At A Glance
- Onward, the trajectory of pricing will still track volatilities next year, hence, markets will continue to be perturbed with unpredictable price swings that will not only impact consumers' wallets, but even economic growth fundamentals in general.
Motorists filling up their vehicles with diesel will experience very slight pinch in their pockets this week, as the price of this commodity will have slight increase of P0.10 per liter, based on the pricing advisories of the oil companies.
For gasoline products, there’s no price movement this week; while kerosene will have relatively significant reduction of P0.85 per liter, according to the oil firms.
Particularly for diesel products, the calculation based on the Mean of Platts Singapore (MOPS) was supposedly a slight price cut, but it ended up an increase due to the sway of market forces.
As of press time, the oil companies that already sent notices on their price adjustments effective Tuesday (December 19) had been Shell Pilipinas Corporation, Cleanfuel and Seaoil Philippines; while their rival firms are all anticipated to follow.
This is already the second to the last adjustment within this year; and Filipino consumers are earnestly hoping that they will not be jolted with price hikes by next week.
Essentially, the downtrend in prices in recent weeks proved beneficial to the consumers especially with the Christmas rush they had to grapple with to meet deadlines prior to the much-anticipated holiday work break; and to catch up with parties and family gatherings.

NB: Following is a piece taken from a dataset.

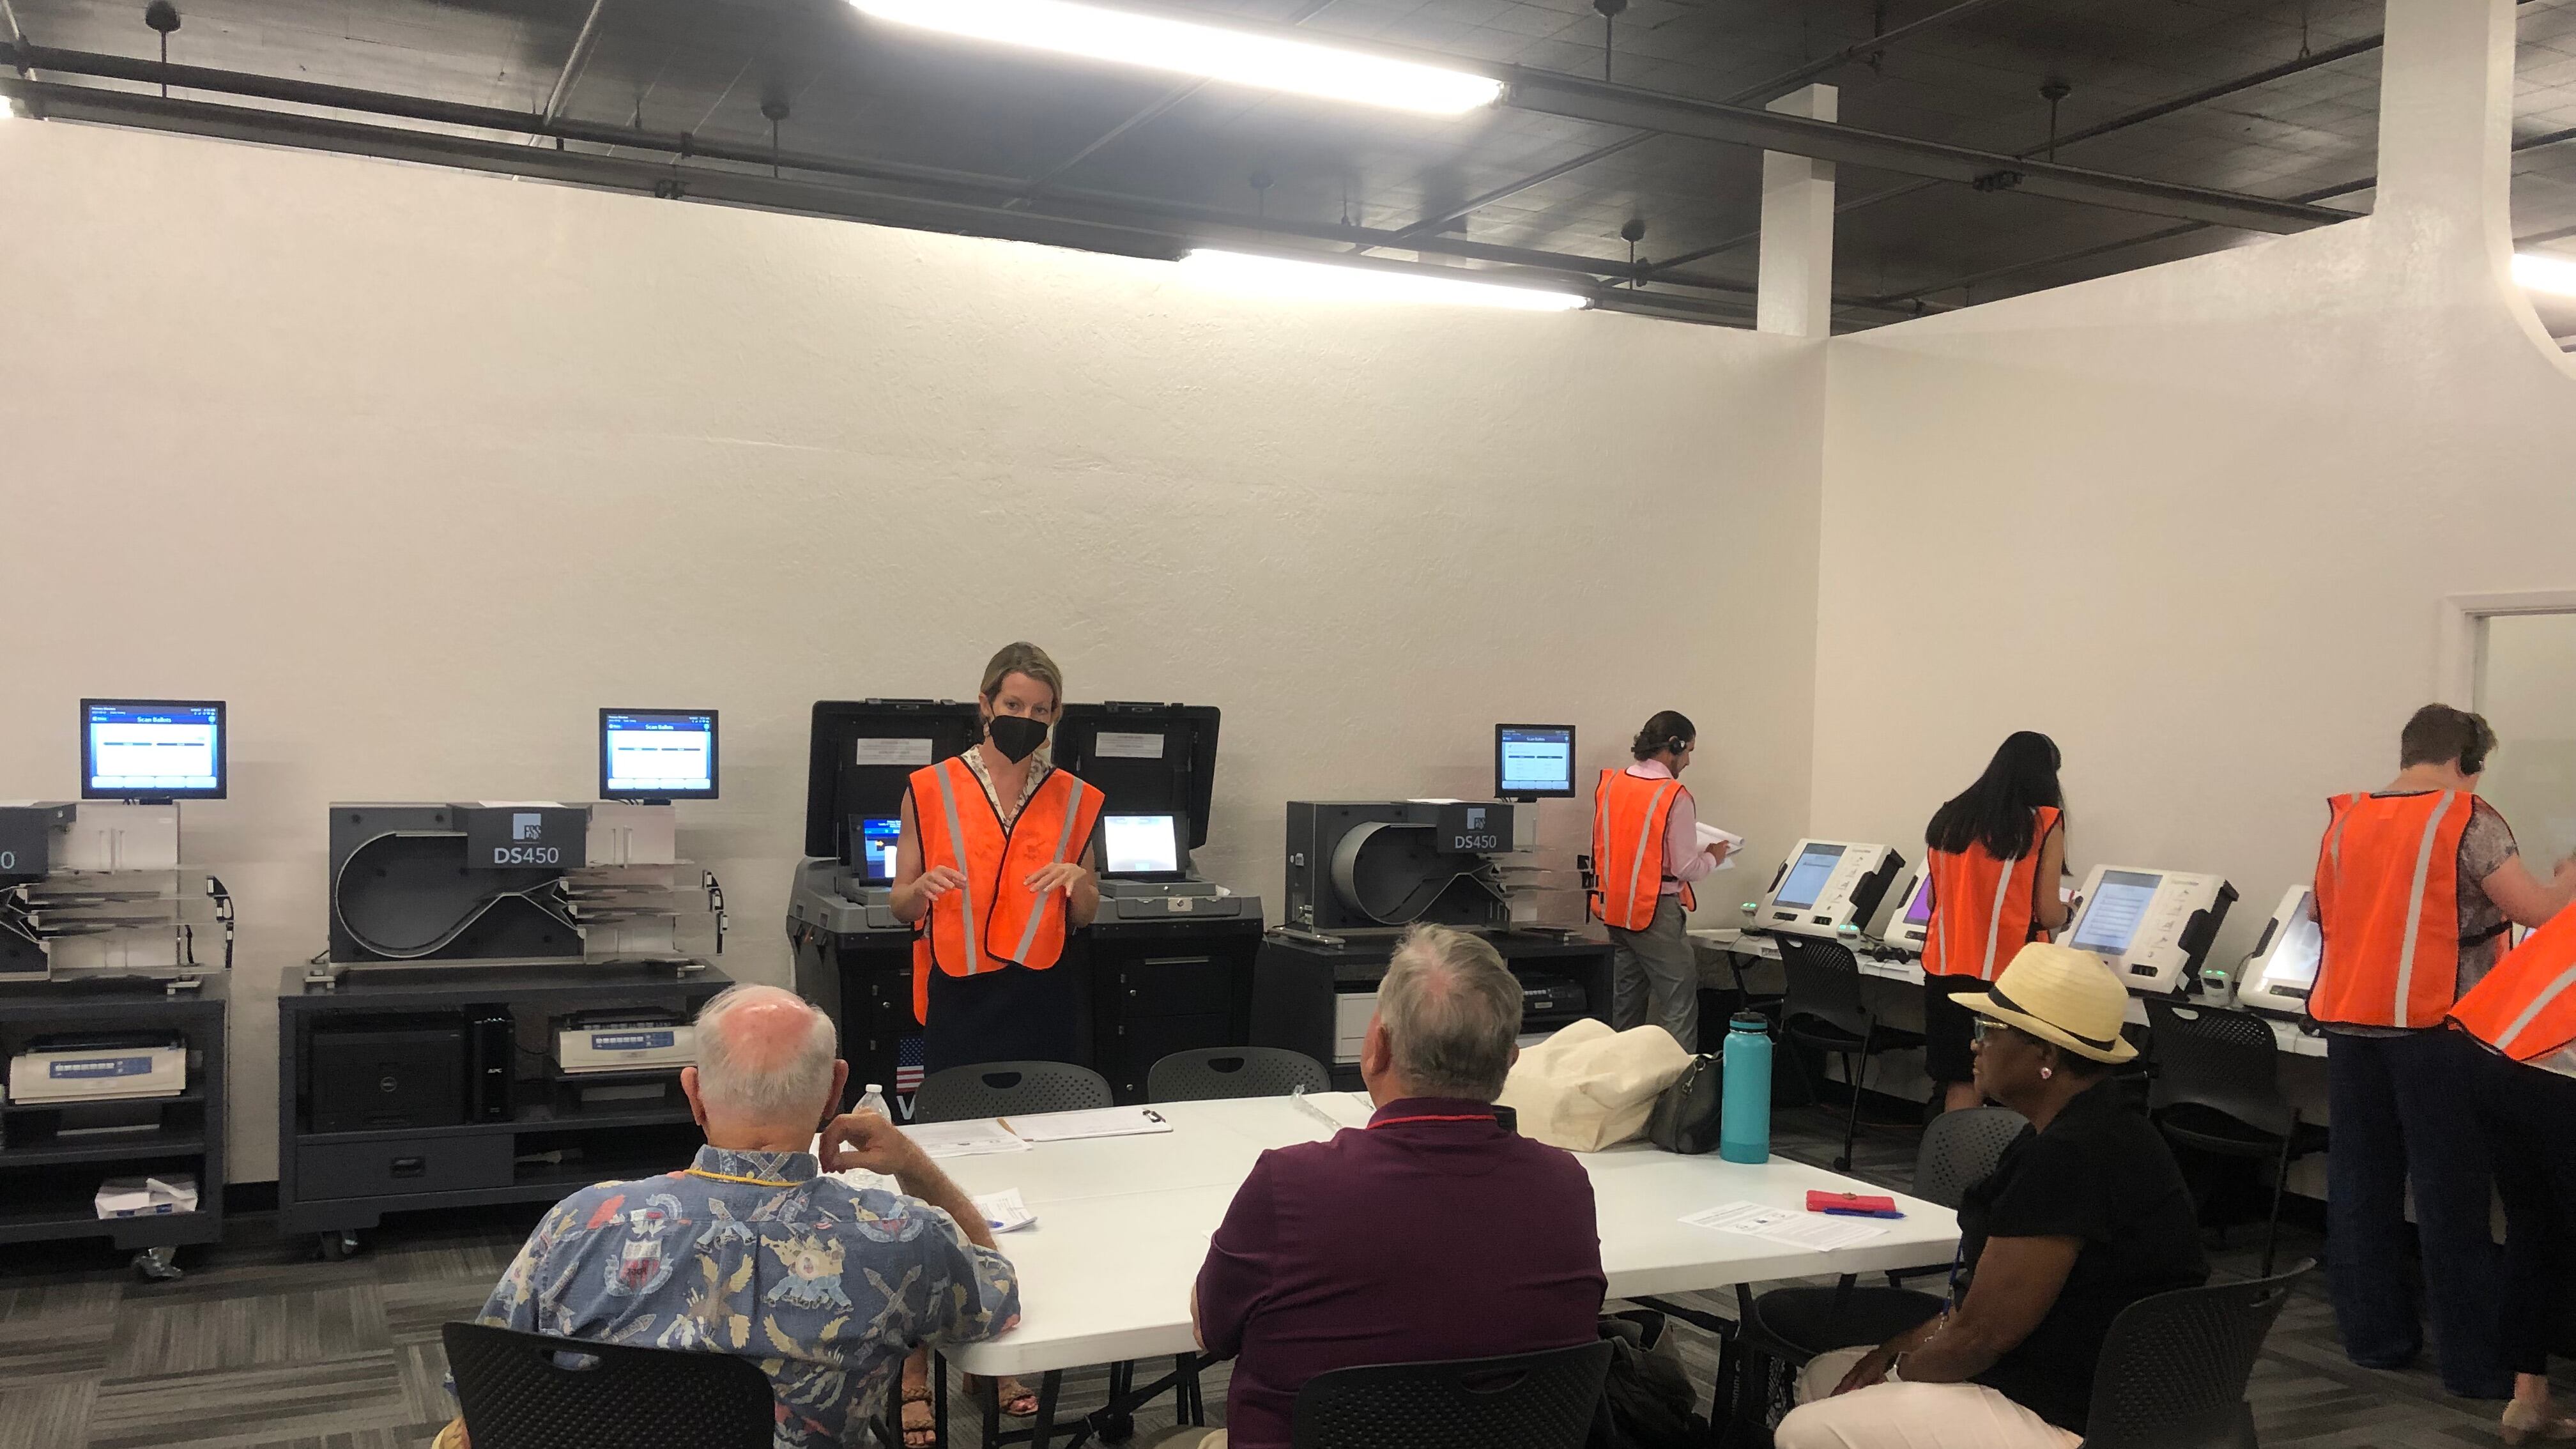 A woman in an orange vest gestures before computerized machines while three seated observers watch.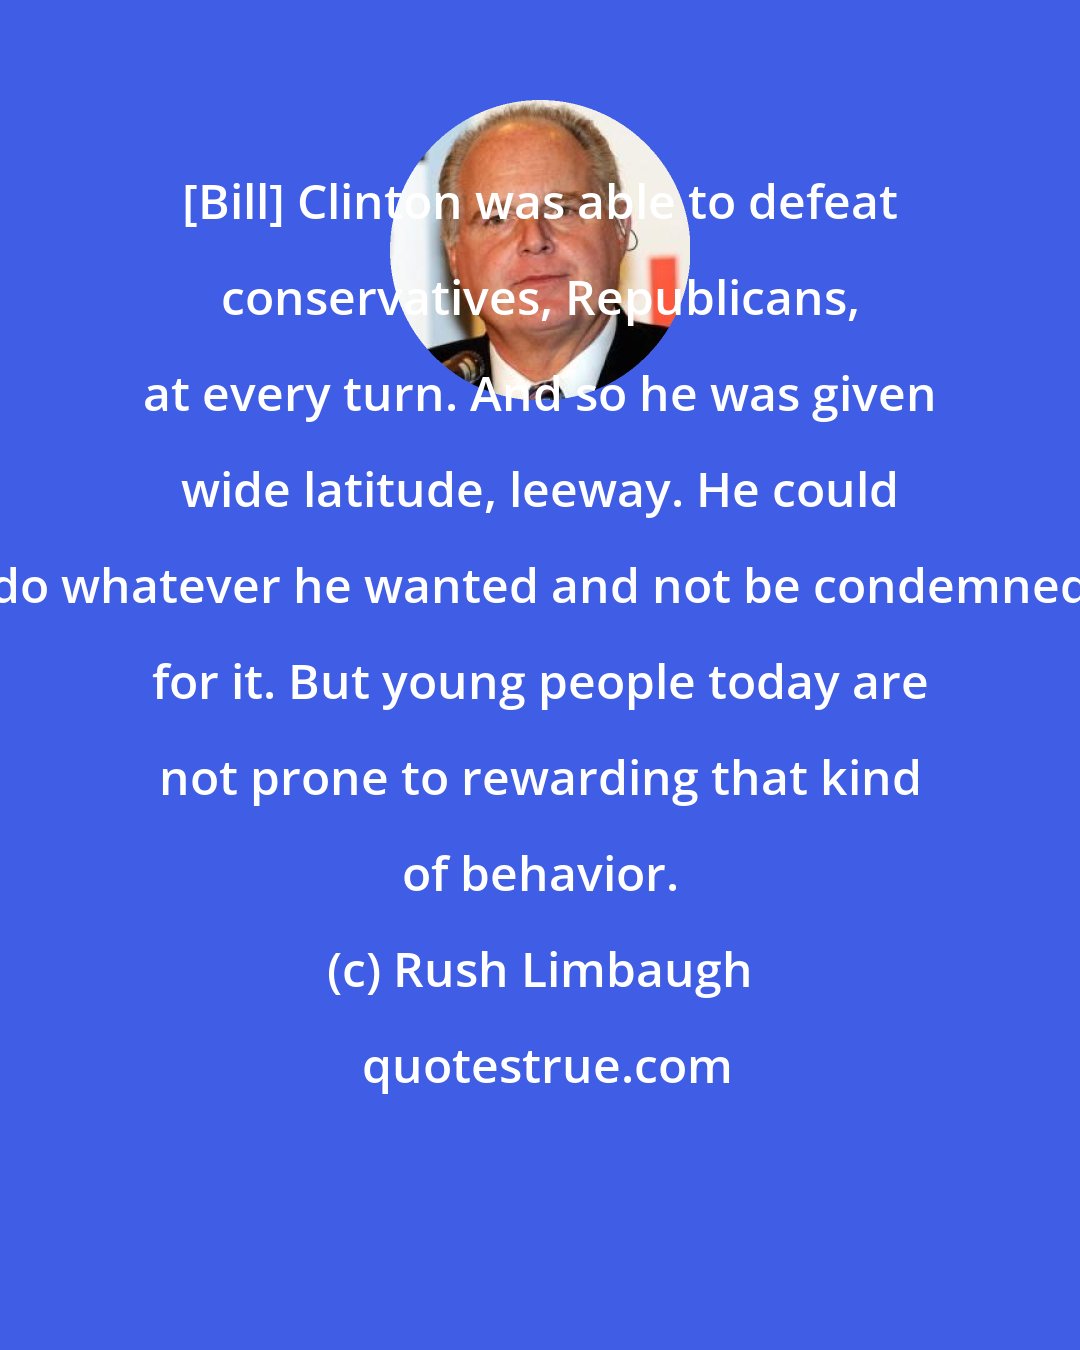 Rush Limbaugh: [Bill] Clinton was able to defeat conservatives, Republicans, at every turn. And so he was given wide latitude, leeway. He could do whatever he wanted and not be condemned for it. But young people today are not prone to rewarding that kind of behavior.

By far, ‘carmageddon’ is a very common sight in Metro Manila thoroughfares these days, thus, any amount that consumers can save on their fuel budgets would bring added cheer to them on a weekly basis.
Onward, the trajectory of pricing will still track volatilities next year, hence, markets will continue to be perturbed with unpredictable price swings that will not only impact consumers’ wallets, but even economic growth fundamentals in general.
For import-dependent economies like the Philippines, it’s the upticks in prices that are often punishing – primarily for its public transport sector, that’s why the drivers are often aided with subsidies.
As of Monday (December 18) trading, international benchmark Brent crude inched up close to $77 per barrel, but there’s no clear direction yet how prices will shape for the rest of the week.